Reading Online Novel

The Prime Minister's Secret Agent(14)



In his own plush armchair, while the rest sat behind, in metal folding chairs, the Prime Minister growled, unlit cigar clenched between his teeth, “Mr. Greene, please start the projector. Mr. Sterling, turn off the lights.”

His two private secretaries did his bidding, and soon the room was dark, filled with the noise of the whirring projector and then the black-and-white images projected onto a screen.

When Lord Nelson, played by Laurence Olivier, said, “Gentlemen, you will never make peace with Napoleon … Napoleon cannot be master of the world until he has smashed us up, and believe me, gentlemen, he means to be master of the world! You cannot make peace with dictators. You have to destroy them—wipe them out!” the P.M. rose and shook his fist at the screen.

He turned toward the audience, who did their best to rouse themselves and look attentive. “I’ll have you know I wrote that line—and several others of Nelson’s! Just fill in ‘Hitler’ wherever ‘Napoleon’ appears and have done with it!” he barked, stabbing the air with his cigar for emphasis.

“Winston …” his wife, Clementine Churchill, said from a brocade settee behind the P.M.’s armchair.

But Churchill paced in front of the screen, mouthing Nelson’s words. “Yes, things were different when we were here five years ago, weren’t they? Our braid was shining in those days. Today they won’t even let us anchor in the harbor. It’s as though we had the plague. They’re so scared of Bonaparte they daren’t lift a finger to help those who are still fighting him …”

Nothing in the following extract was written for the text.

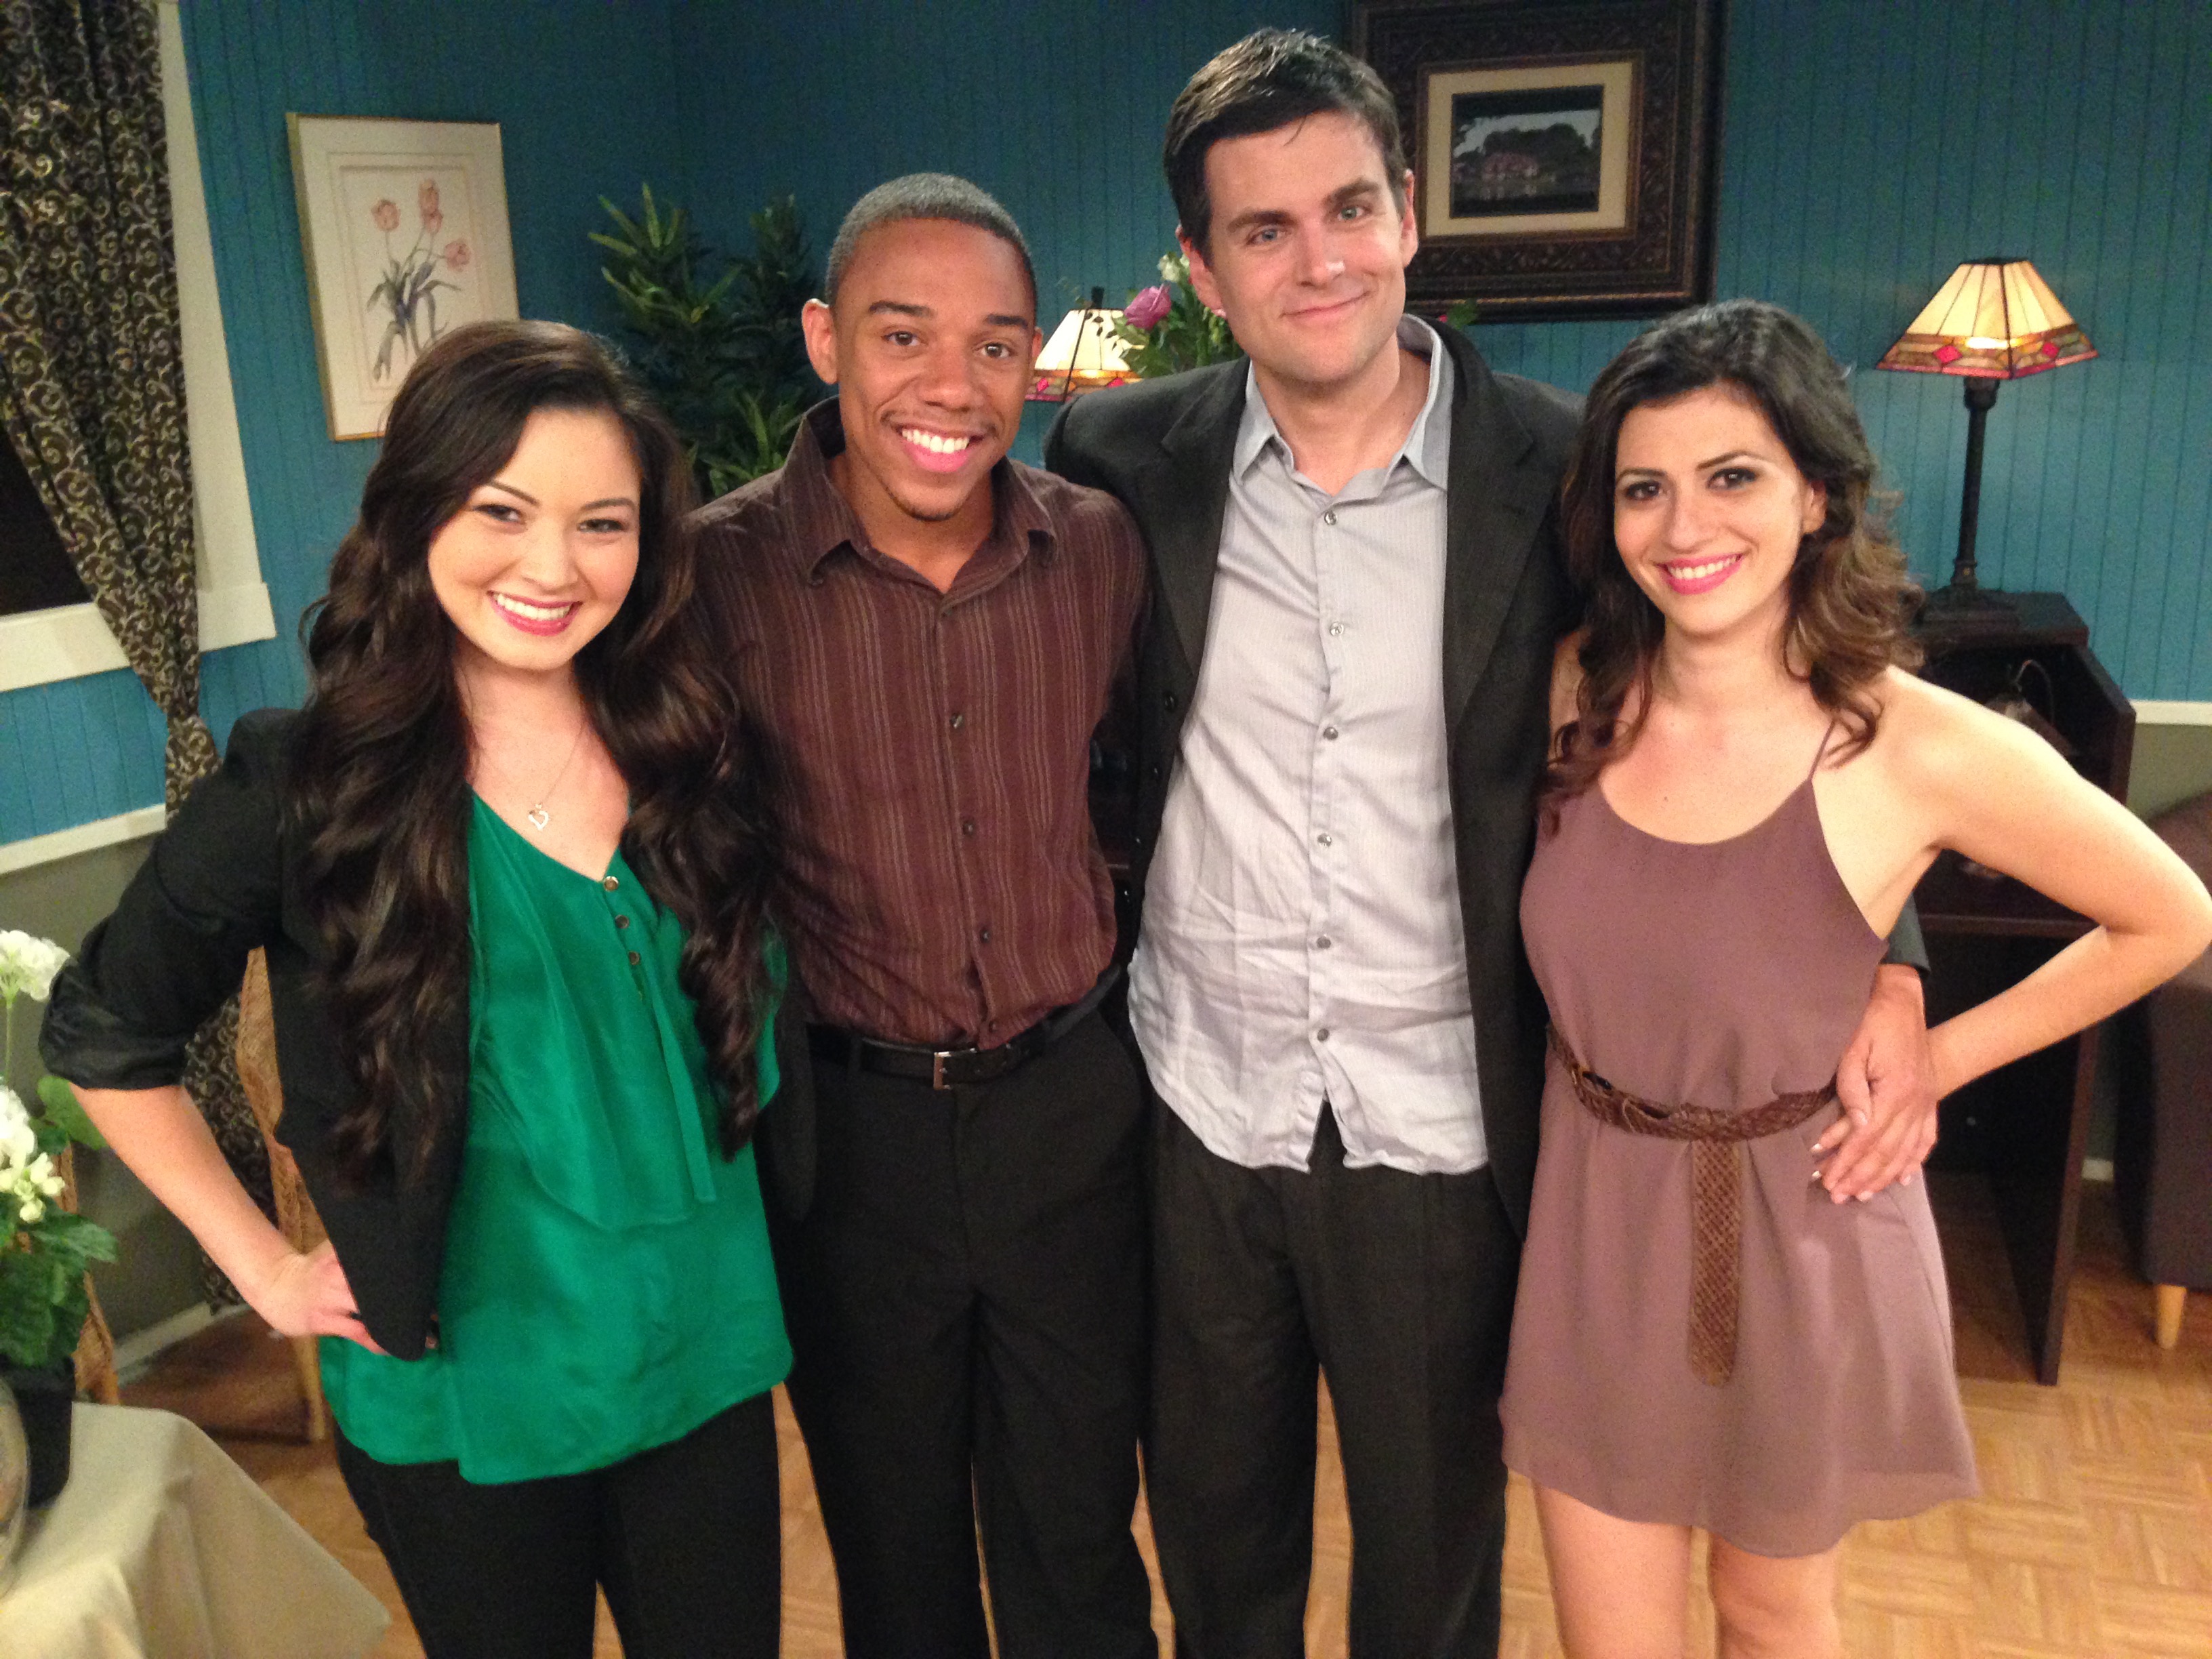 Ashley Parks, Xavier J. Watson, Rich Finley, and Jenna Rougeau on set of Entitled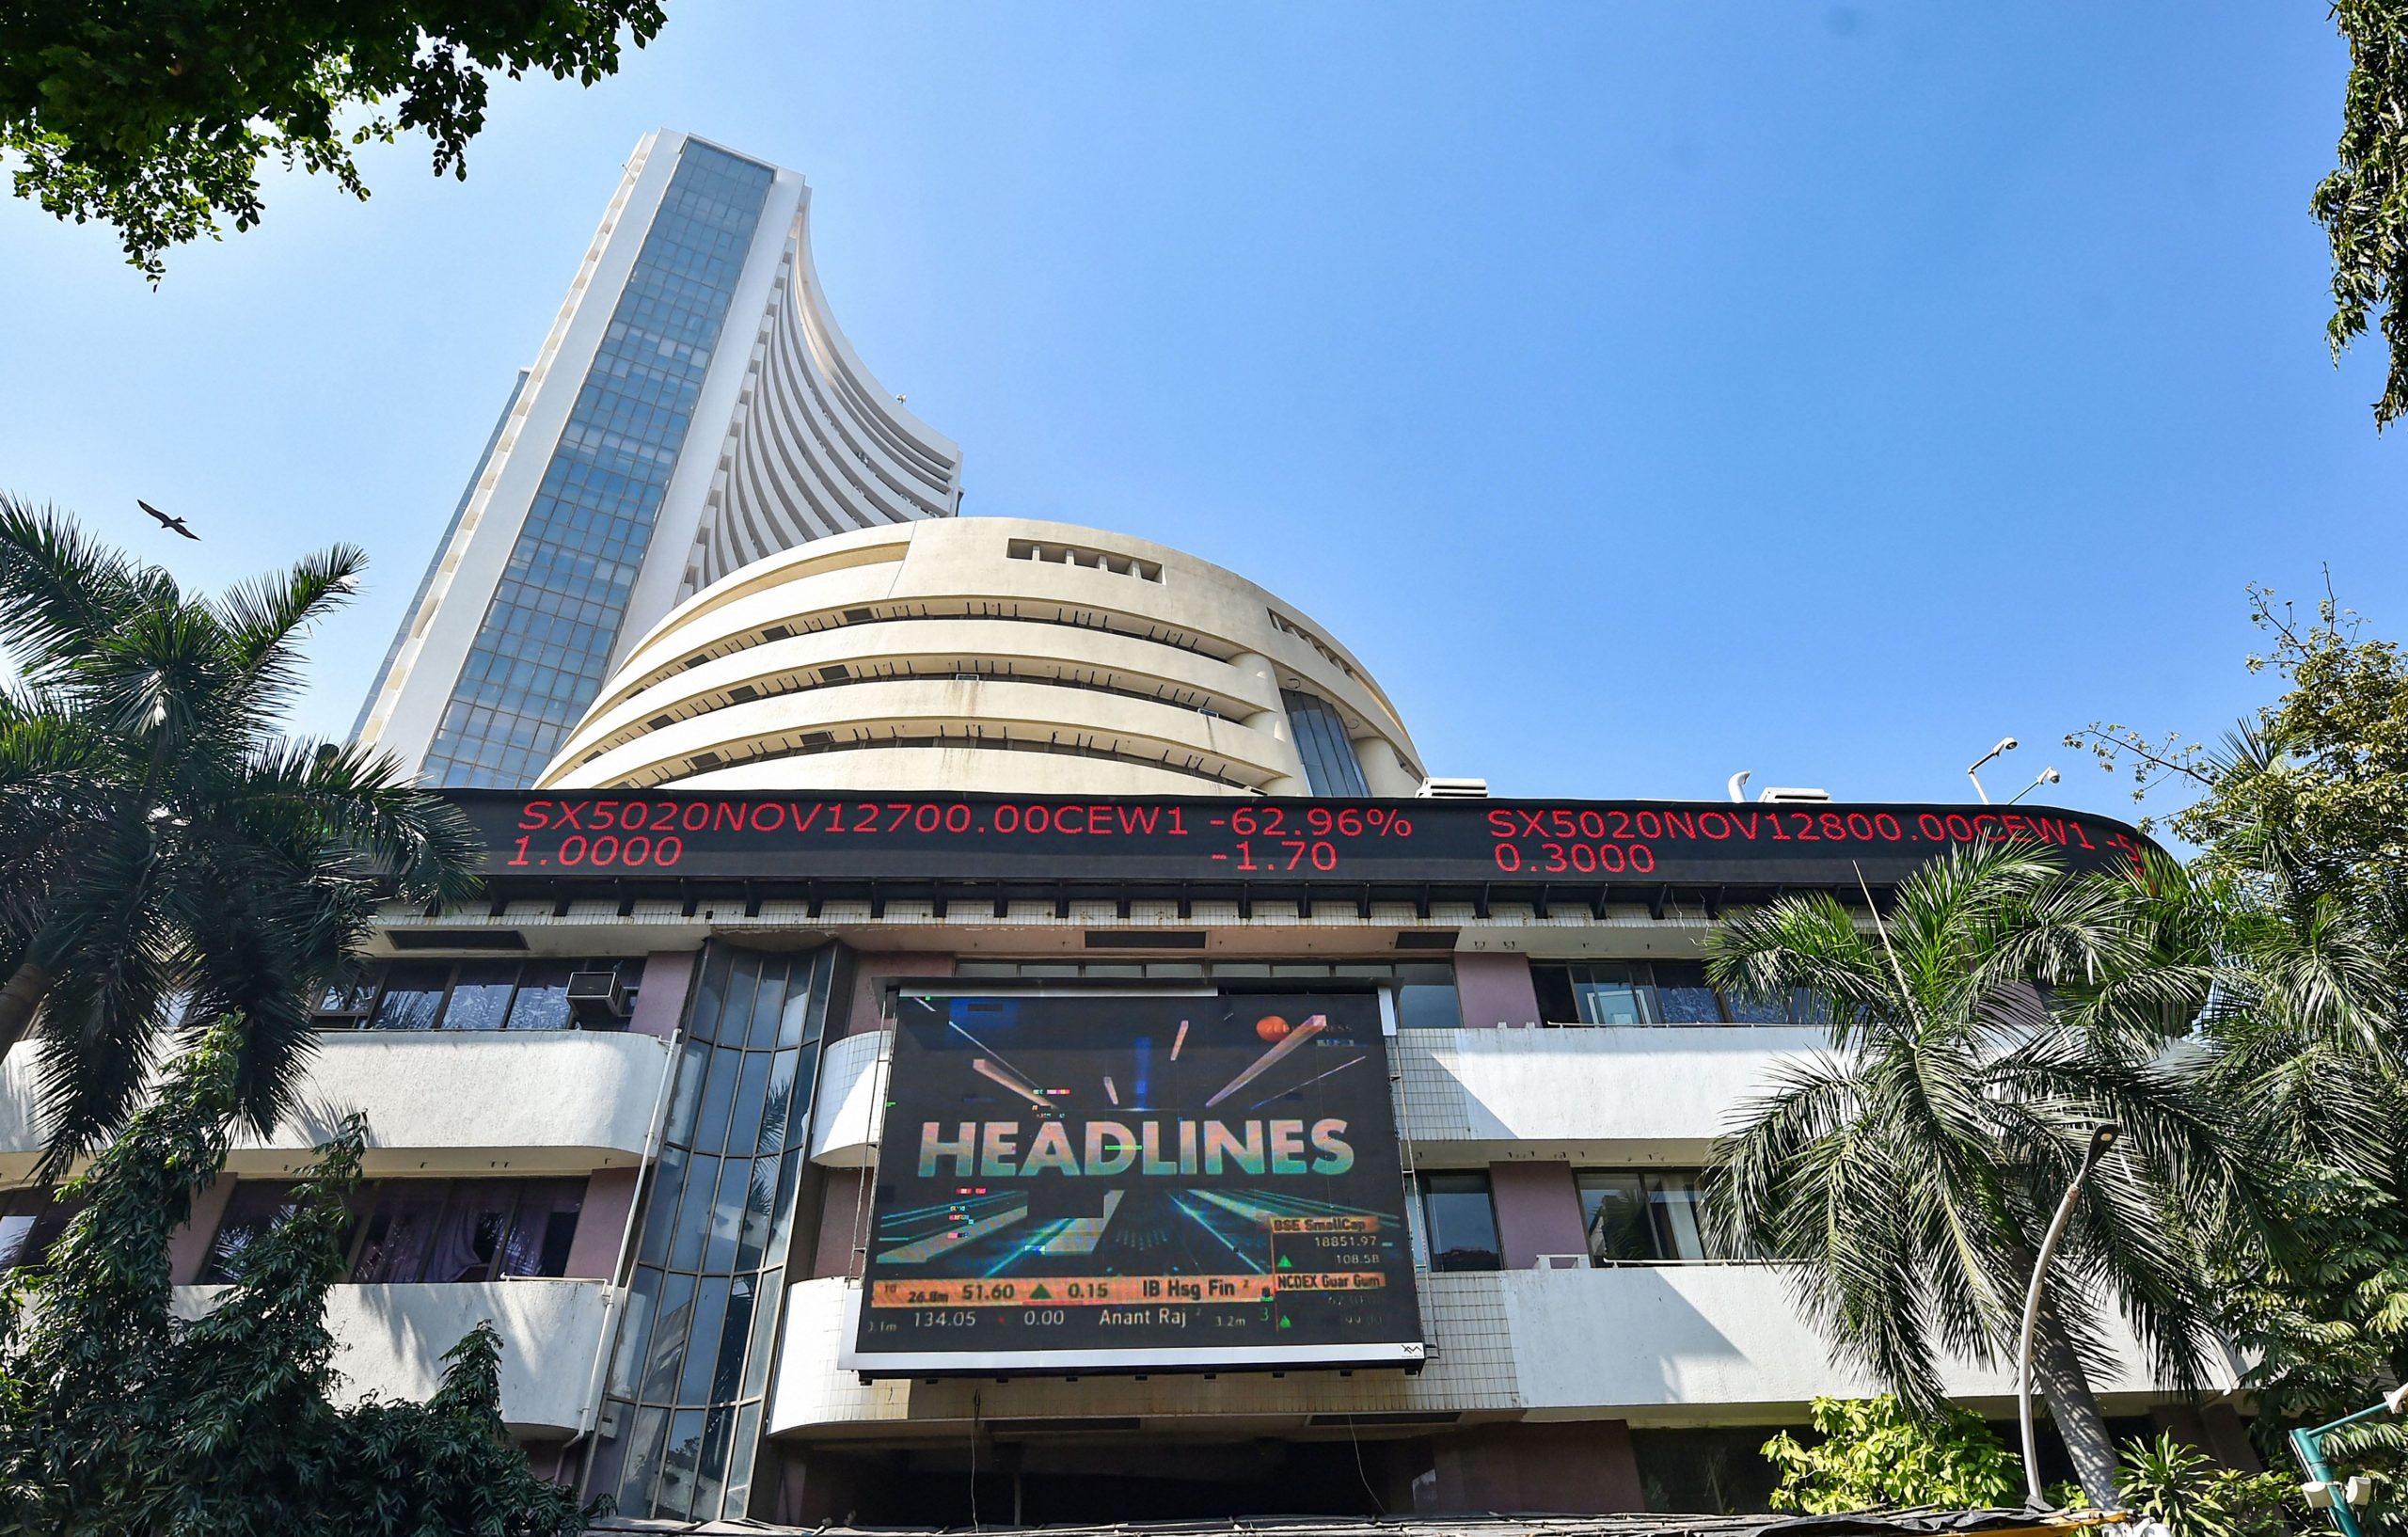 Trending Stocks: Oil India, RIL, HDFC, Indiabulls and others in news today

Then he stopped his pacing. “Turn off the damn projector! Mr. Greene! Mr. Greene!” David Greene jumped to his feet to do the P.M.’s bidding.

“And Mr. Sterling—let there be light!” John Sterling switched on the lights. The two private secretaries exchanged a knowing glance. They knew from experience that whether the film was done or not, movie time was over.

David Greene was the shorter and slighter of the two, with light hair and silver-rimmed spectacles. He and his friend, John Sterling, had worked for Winston Churchill during his so-called Wilderness Years, when no one in the House took his warnings of Nazi armament seriously. Now that he was almost thirty, his former impish charm had become somewhat subdued, yet another casualty of the war.

John was taller, with curly brown hair and dark eyes and a grim smile. He wore his RAF uniform well, his body not betraying, at least to the casual observer, the injuries he’d survived in Berlin.

The enormous bookcase-lined Long Gallery was chilly, even though a fire burned in the grate and the floor was covered in Kazakh rugs. The room smelled of book restorer and wood smoke. Churchill began to pace, his round face pink from the prodigious quantities of Pol Roger Champagne and red Burgundy he’d put away during dinner. “Do you know that that damn isolationist group, the so-called America First Committee, calls That Hamilton Woman ‘wartime propaganda’? And has called on the U.S. public to boycott it? Apparently, the AFC sees them as ‘preparing Americans for war.’ ”

He kicked a metal wastebasket, and Nelson, the P.M.’s black cat, who’d been curled up on one of the folding chairs, started, then scurried away. “No one named Nelson—man or cat—ever runs from a fight!” Churchill shouted after the feline, shaking his fist. “And of course we’re trying to rouse the damn Americans. They’ve sat on their fat—”

Clementine shot her husband a warning look.

“—posteriors long enough. The Nazzies have sunk the USS Robin Moor, the Kearny, and the Reuben James. Do they have to invade the East Coast and march on Washington before President Roosevelt will declare war?

“Meanwhile,” Churchill continued, his voice rising in power, as if addressing the back benches of the House of Commons, “they’re wasting time rounding up filmmakers when they should be after the bl—”

He shot a look at Clementine, who arched one eyebrow in warning. “… the Nazzies,” he amended, in a gentler tone, using his usual and distinctive sibilant pronunciation.

“Winston, darling,” his wife said, rising, “if you’re done with the film, I think I’ll retire for the evening. Good night, love. Good night, all.” The gentlemen stood as Mrs. Churchill, with her fine posture and impeccably cut silk dress, walked out in a trail of Arpège. The rest of the women, including Churchill’s daughter Mary, also excused themselves.

When they were gone, Churchill gave a fierce battle cry: “Gentlemen,” he thundered, rallying the troops, “to the Hawtree Room!” As he stalked out, he called over his shoulder to his beleaguered manservant, “And Inces! We shall require both port and Stilton!”